■ Task objective ■
Reproduce the entries below, please. Keep every character the same.

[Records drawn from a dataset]
################

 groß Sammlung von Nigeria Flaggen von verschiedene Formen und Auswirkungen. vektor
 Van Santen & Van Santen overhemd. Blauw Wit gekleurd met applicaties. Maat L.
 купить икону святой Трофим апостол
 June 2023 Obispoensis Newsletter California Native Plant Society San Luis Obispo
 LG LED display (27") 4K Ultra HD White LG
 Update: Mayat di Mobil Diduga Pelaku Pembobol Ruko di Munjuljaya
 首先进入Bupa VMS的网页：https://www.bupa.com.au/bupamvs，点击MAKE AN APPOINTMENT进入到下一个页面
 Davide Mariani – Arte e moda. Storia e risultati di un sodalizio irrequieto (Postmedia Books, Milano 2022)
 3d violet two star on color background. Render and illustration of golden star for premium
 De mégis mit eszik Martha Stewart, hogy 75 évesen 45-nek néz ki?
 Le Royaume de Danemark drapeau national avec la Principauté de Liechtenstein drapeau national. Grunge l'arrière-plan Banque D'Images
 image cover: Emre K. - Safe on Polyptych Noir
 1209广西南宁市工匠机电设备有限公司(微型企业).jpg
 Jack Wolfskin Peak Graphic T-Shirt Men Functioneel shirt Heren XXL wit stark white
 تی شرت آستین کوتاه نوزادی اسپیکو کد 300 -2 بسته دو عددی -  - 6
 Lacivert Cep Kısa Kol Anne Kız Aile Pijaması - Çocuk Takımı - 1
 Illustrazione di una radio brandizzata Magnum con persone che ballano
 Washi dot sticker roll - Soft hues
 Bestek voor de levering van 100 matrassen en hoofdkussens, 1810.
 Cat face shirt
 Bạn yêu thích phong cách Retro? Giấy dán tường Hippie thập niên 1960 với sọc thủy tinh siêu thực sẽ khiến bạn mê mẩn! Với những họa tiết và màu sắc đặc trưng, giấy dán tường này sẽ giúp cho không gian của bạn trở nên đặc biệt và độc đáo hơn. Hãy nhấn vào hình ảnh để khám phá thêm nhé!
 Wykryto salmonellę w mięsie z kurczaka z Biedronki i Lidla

################

■ Answer space ■
 groß Sammlung von Nigeria Flaggen von verschiedene Formen und Auswirkungen. vektor
 Van Santen & Van Santen overhemd. Blauw Wit gekleurd met applicaties. Maat L.
 купить икону святой Трофим апостол
 June 2023 Obispoensis Newsletter California Native Plant Society San Luis Obispo
 LG LED display (27") 4K Ultra HD White LG
 Update: Mayat di Mobil Diduga Pelaku Pembobol Ruko di Munjuljaya
 首先进入Bupa VMS的网页：https://www.bupa.com.au/bupamvs，点击MAKE AN APPOINTMENT进入到下一个页面
 Davide Mariani – Arte e moda. Storia e risultati di un sodalizio irrequieto (Postmedia Books, Milano 2022)
 3d violet two star on color background. Render and illustration of golden star for premium
 De mégis mit eszik Martha Stewart, hogy 75 évesen 45-nek néz ki?
 Le Royaume de Danemark drapeau national avec la Principauté de Liechtenstein drapeau national. Grunge l'arrière-plan Banque D'Images
 image cover: Emre K. - Safe on Polyptych Noir
 1209广西南宁市工匠机电设备有限公司(微型企业).jpg
 Jack Wolfskin Peak Graphic T-Shirt Men Functioneel shirt Heren XXL wit stark white
 تی شرت آستین کوتاه نوزادی اسپیکو کد 300 -2 بسته دو عددی -  - 6
 Lacivert Cep Kısa Kol Anne Kız Aile Pijaması - Çocuk Takımı - 1
 Illustrazione di una radio brandizzata Magnum con persone che ballano
 Washi dot sticker roll - Soft hues
 Bestek voor de levering van 100 matrassen en hoofdkussens, 1810.
 Cat face shirt
 Bạn yêu thích phong cách Retro? Giấy dán tường Hippie thập niên 1960 với sọc thủy tinh siêu thực sẽ khiến bạn mê mẩn! Với những họa tiết và màu sắc đặc trưng, giấy dán tường này sẽ giúp cho không gian của bạn trở nên đặc biệt và độc đáo hơn. Hãy nhấn vào hình ảnh để khám phá thêm nhé!
 Wykryto salmonellę w mięsie z kurczaka z Biedronki i Lidla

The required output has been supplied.